The Cache Kernel was also designed and implemented to minimize both logical and physical contention to provide for efficient non-blocking synchronization. By logical contention, we mean contention for access to data structures that need to be controlled to maintain the consistency and semantics of these data structures. By physical contention, we mean the contention for access to shared memory that needs to be controlled to maintain the consistency and semantics of the memory system.
Minimizing logical contention with non-blocking synchronization minimizes the overhead of conflicting operations failing and being retried. It also avoids the complexity of complex backoff mechanisms as part of the retry.
Most of our techniques for contention minimization are well-known. For example, one aspect of contention minimization is replicating data structures for each processor. In particular, there are per-processor ready and delay queues in the Cache Kernel, so contention on these structures is limited to signal/interrupt handlers and management operations to load balance, etc. being executed by a separate processor.
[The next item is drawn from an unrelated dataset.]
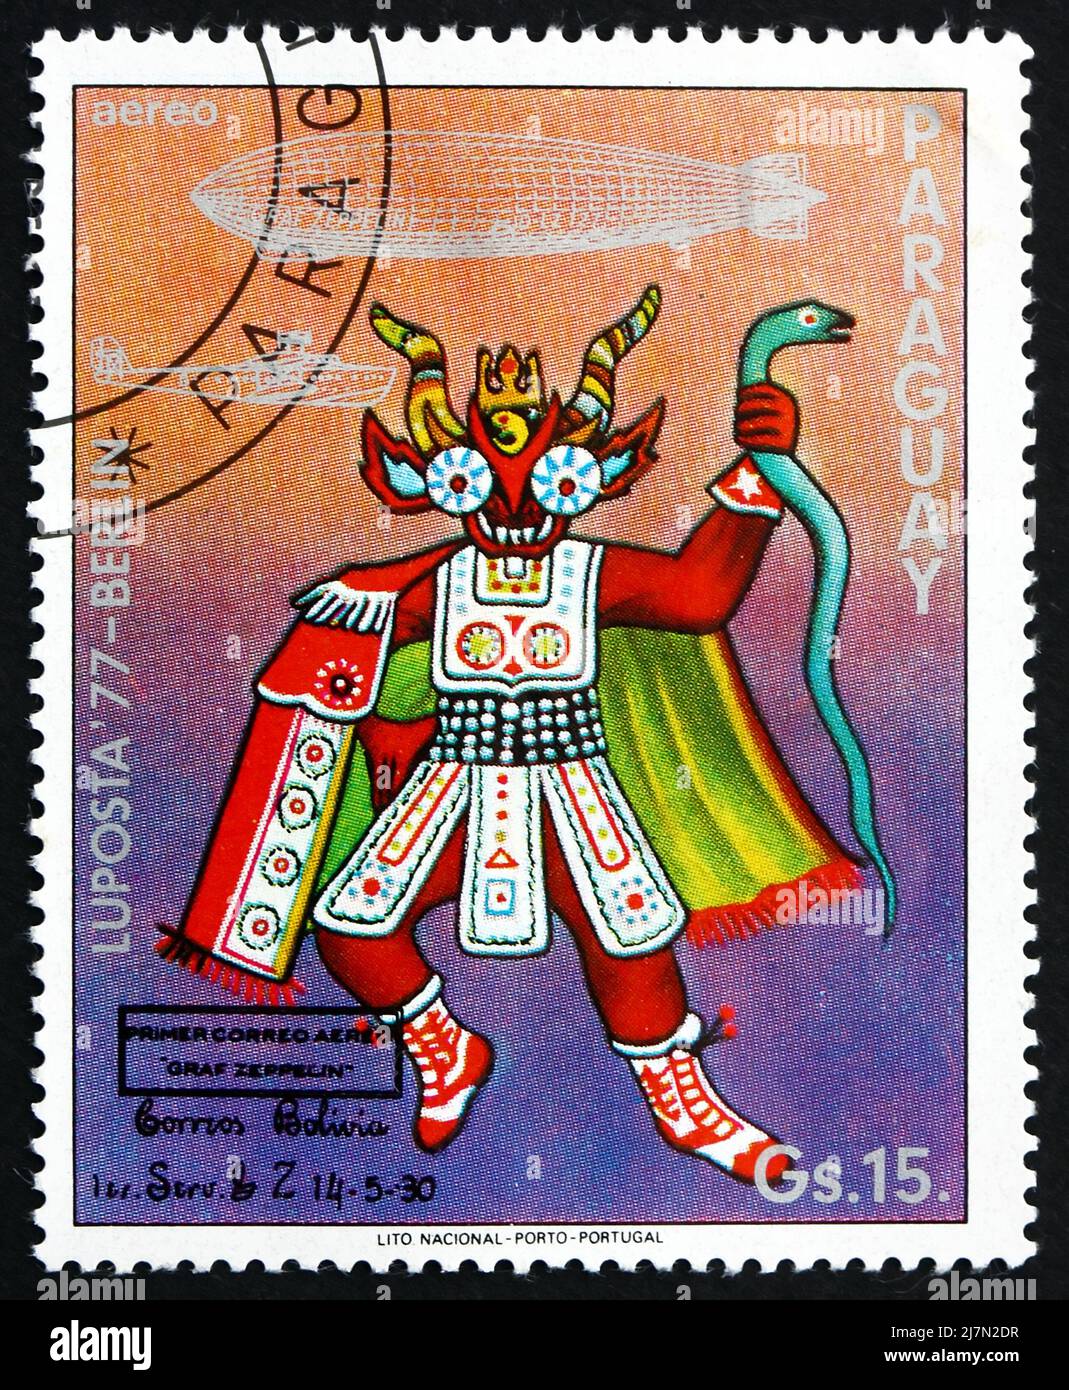 PARAGUAY - VERS 1977: Un timbre imprimé au Paraguay montre le Costume indien de cérémonie, Bolivie, vol de Graf Zeppelin 1st en Amérique du Sud, vers 1977 Banque D'Images

Similarly, there is a signal delivery cache per processor which allows a significant number of signals to be delivered by a processor without accessing the shared signal mapping data structure, which cannot be made per-processor without replicating the entire structure. This per-processor ``cache'' approach is similar to that provided by a per-processor TLB for address translation. The TLB reduces access to the real virtual address space mapping structure, which is necessarily shared among threads in the address space.
Contention on a data structure is also reduced in some cases by structuring it as a multi-level hierarchy. For example, a list that is searched frequently may be revised to be a hash table with a version number or lock per bucket. Then, searches and updates are localized to a single bucket portion of the list, reducing the conflict with other operations, assuming they hash to different buckets. The upper levels of the hierarchy are read-only or read-mostly: descriptors are only added at the leaves.
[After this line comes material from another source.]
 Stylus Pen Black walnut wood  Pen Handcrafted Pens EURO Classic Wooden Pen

Physical contention is also reduced by using cache-aligned descriptors. TSM with its restricted allocation of descriptors can also reduce the number of pages referenced as part of scan and search operations, reducing the TLB miss rate, another source of physical contention. Finally, in this vein, commonly updated fields are placed contiguously and aligned to hopefully place them in the same cache line, thereby making the updates more efficient.
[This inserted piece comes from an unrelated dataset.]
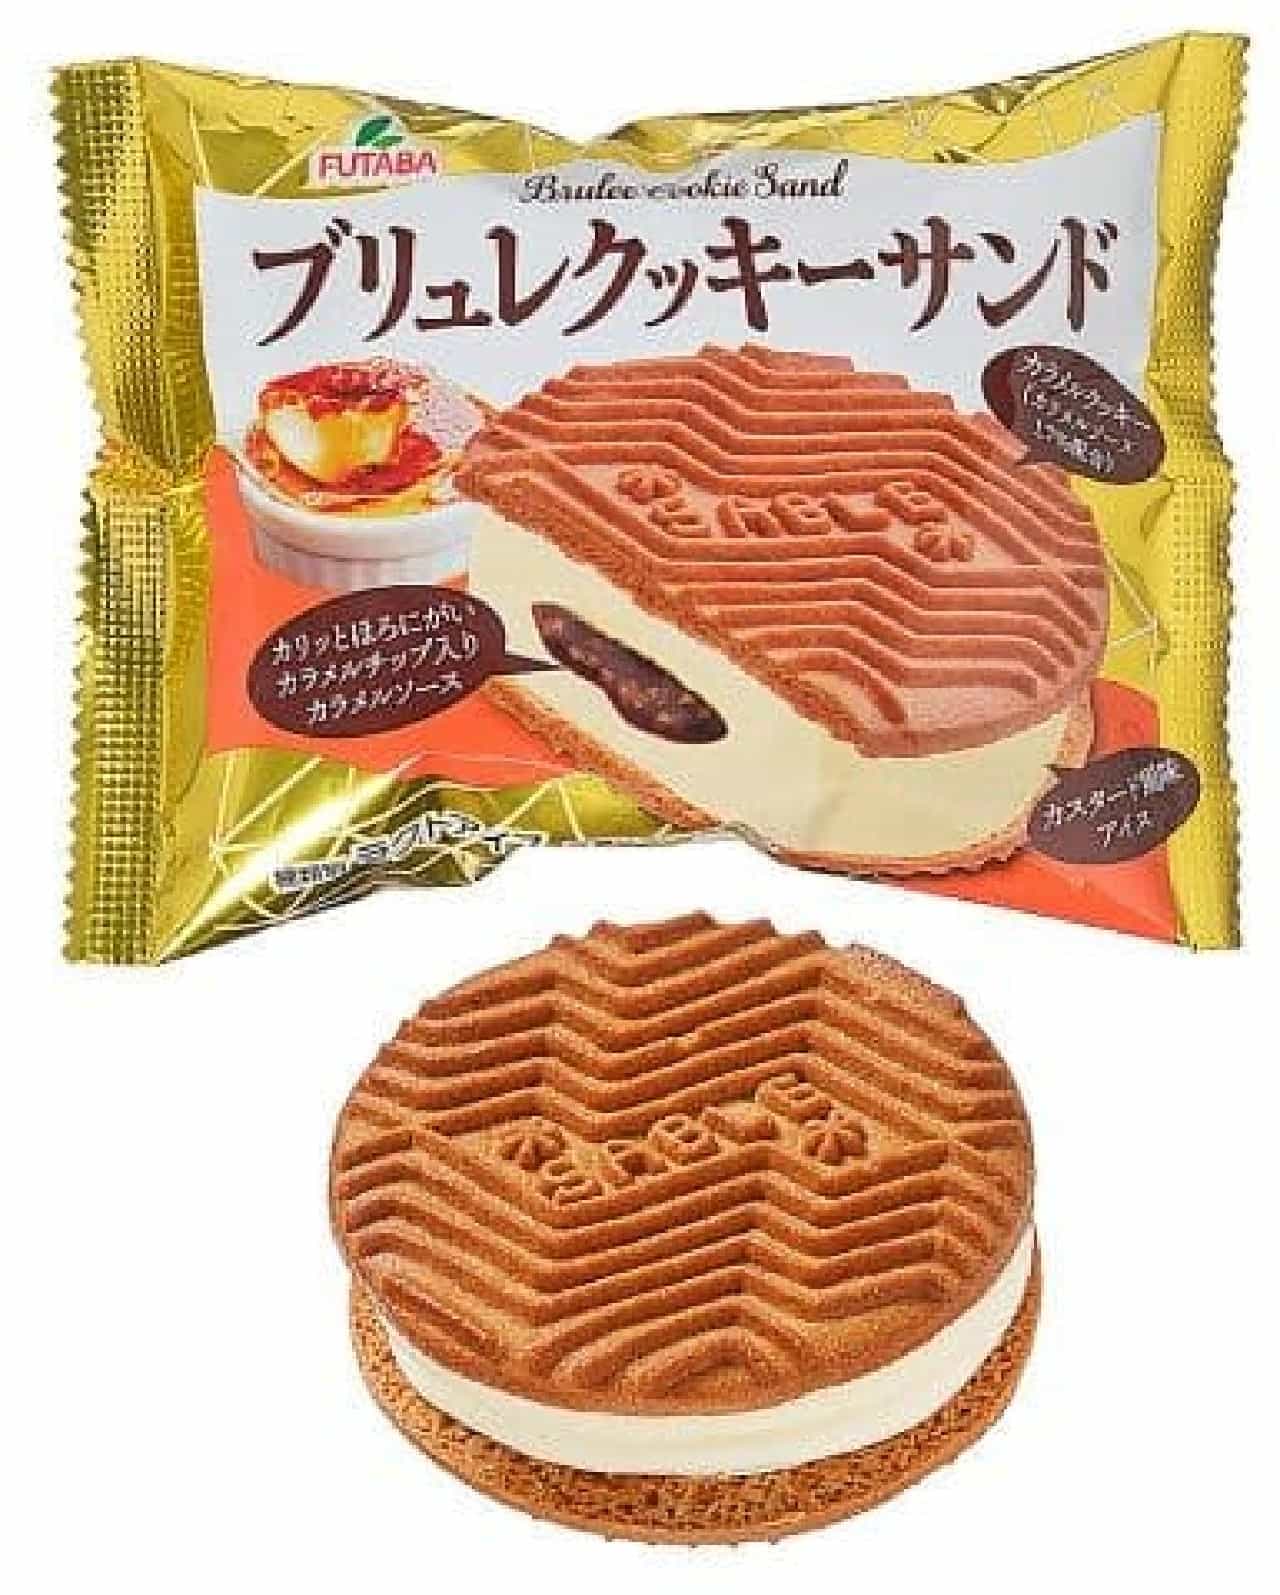 7-Eleven "Futaba Brulée Cookie Sandwich

The spatial locality of data access achieved by these techniques provides significant benefit for synchronization, whether non-blocking or conventional locks. This spatial locality also minimizes the consistency overhead when the system is running across multiple processors, with each caching portions of this shared data. In general, our experience (e.g. ) suggests that it is better to (re)structure the data structures to reduce contention rather than attempt to improve the behavior of synchronization techniques under high contention. Low-contention algorithms are simpler and thus easier to get right, and faster as long as contention is actually low.